After his session, a player approaches him and quietly asks if he felt drunk when he woke up. “No,” Stallworth answers. “If I had been asked to walk a straight line, I would’ve walked it.”
“I think he’s finally able to wrap his arms around the responsibility he feels,” Palcic says. “I think he can look back and understand all the mistakes that led him to that night. Being done with football is part of that.”
Stallworth is in preliminary talks with the NFL about signing on as a speaker for individual teams. In past seasons, he’s addressed the Ravens, Patriots and Washington in much the same way he did the rookies last week. The reception has been good so far, though it’s rare to see his efforts immediately validated. After Stallworth expounds on the consequences of his actions, there aren’t typically enough questions for a Q&A. The subject matter is just too raw. It’s in quiet moments in locker rooms and cafeterias that Stallworth gets feedback, and hope.
After his Tuesday symposium sessions, an NFC first-rounder approached Stallworth quietly to ask several questions. Among them: “Did you feel drunk at all when you woke up at 7 a.m.?”

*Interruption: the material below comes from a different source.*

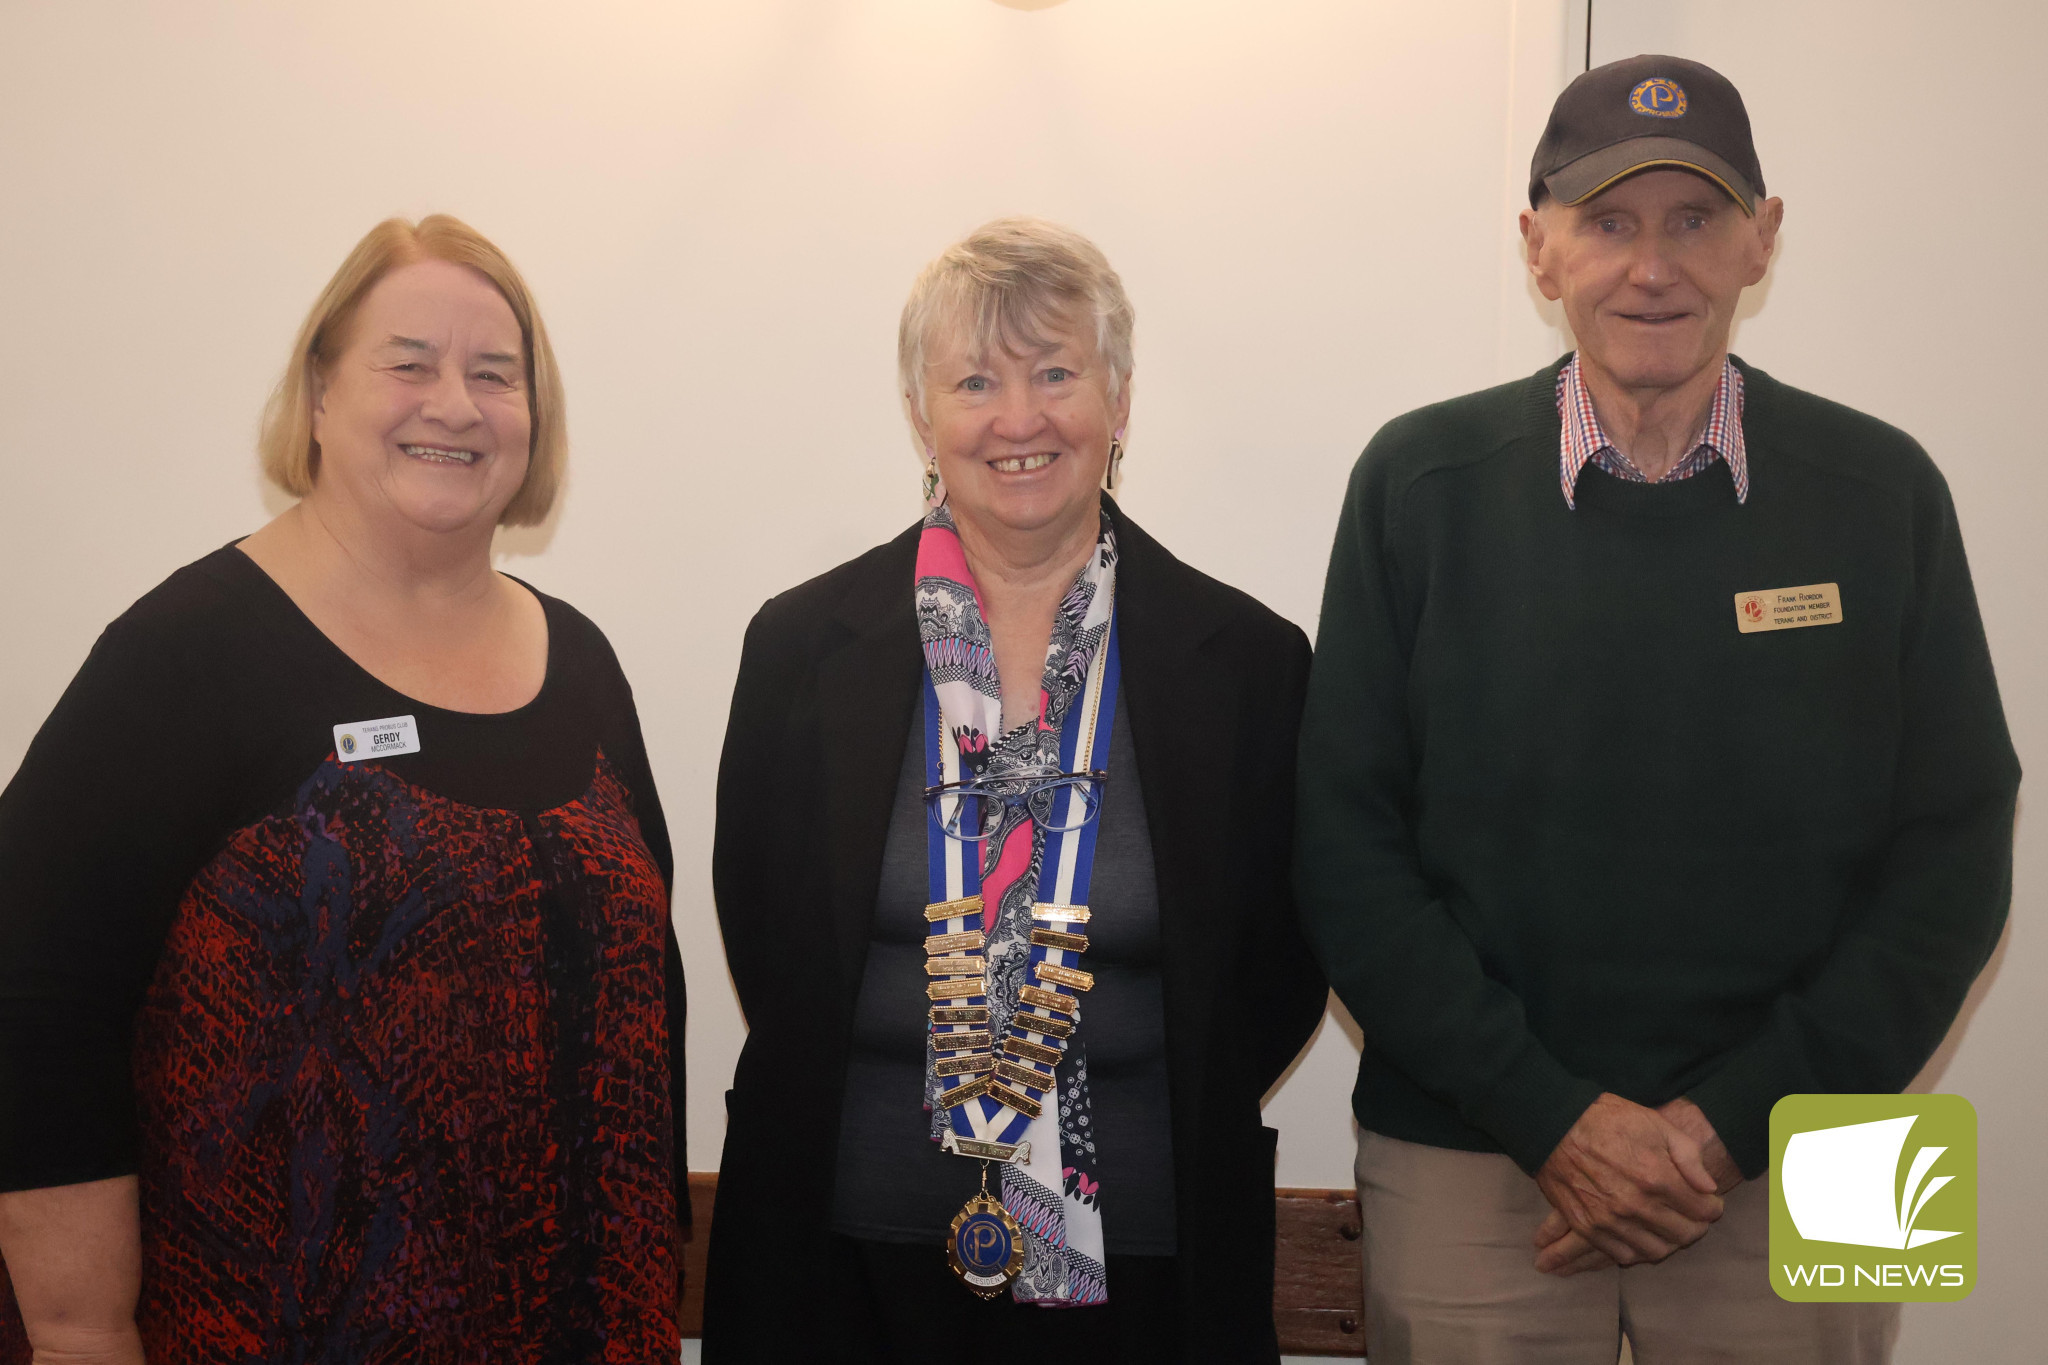 Still going strong: Terang and District Probus Club secretary Gerdy McCormack (from left), president Anne Gready and treasurer Frank Riordan are excited to see the club reach a significant milestone next month.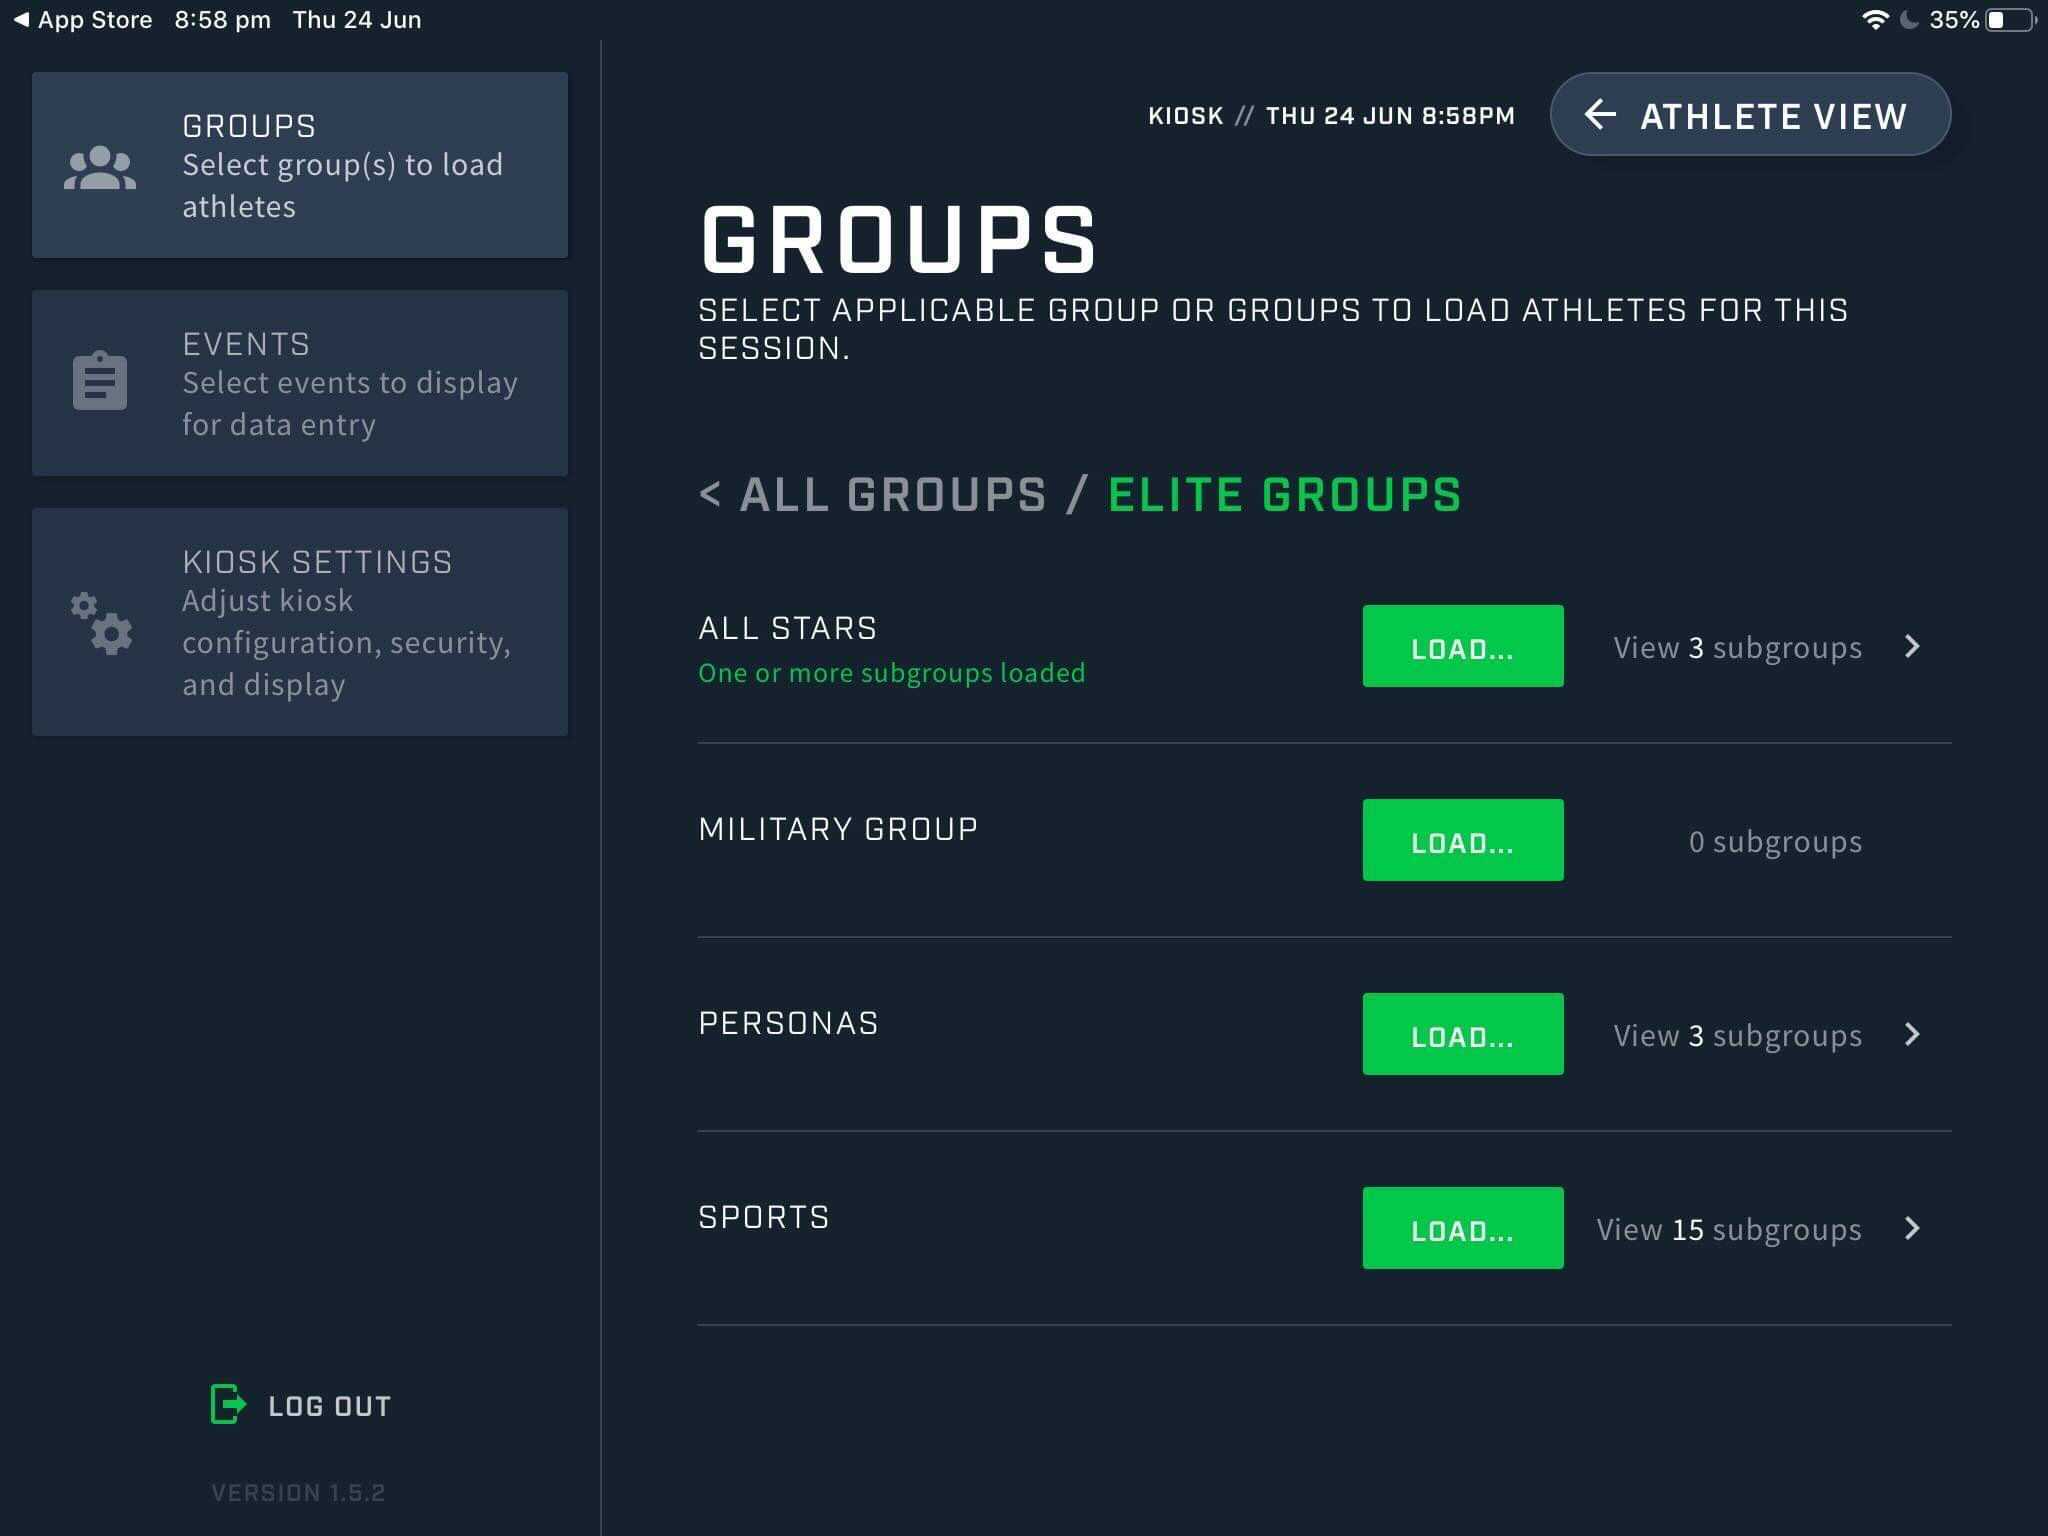 A screenshot of the Groups page on the Kiosk app

“No,” Stallworth told him. “If I had been asked to walk a straight line, I would’ve walked it.”
Stallworth finished his final presentation at the AFC symposium with a quote from 19th century German chancellor Otto von Bismarck: “Only a fool learns from his own mistakes. The wise man learns from the mistakes of others.”
The story Stallworth tells himself is simple: Play the fool, save a life.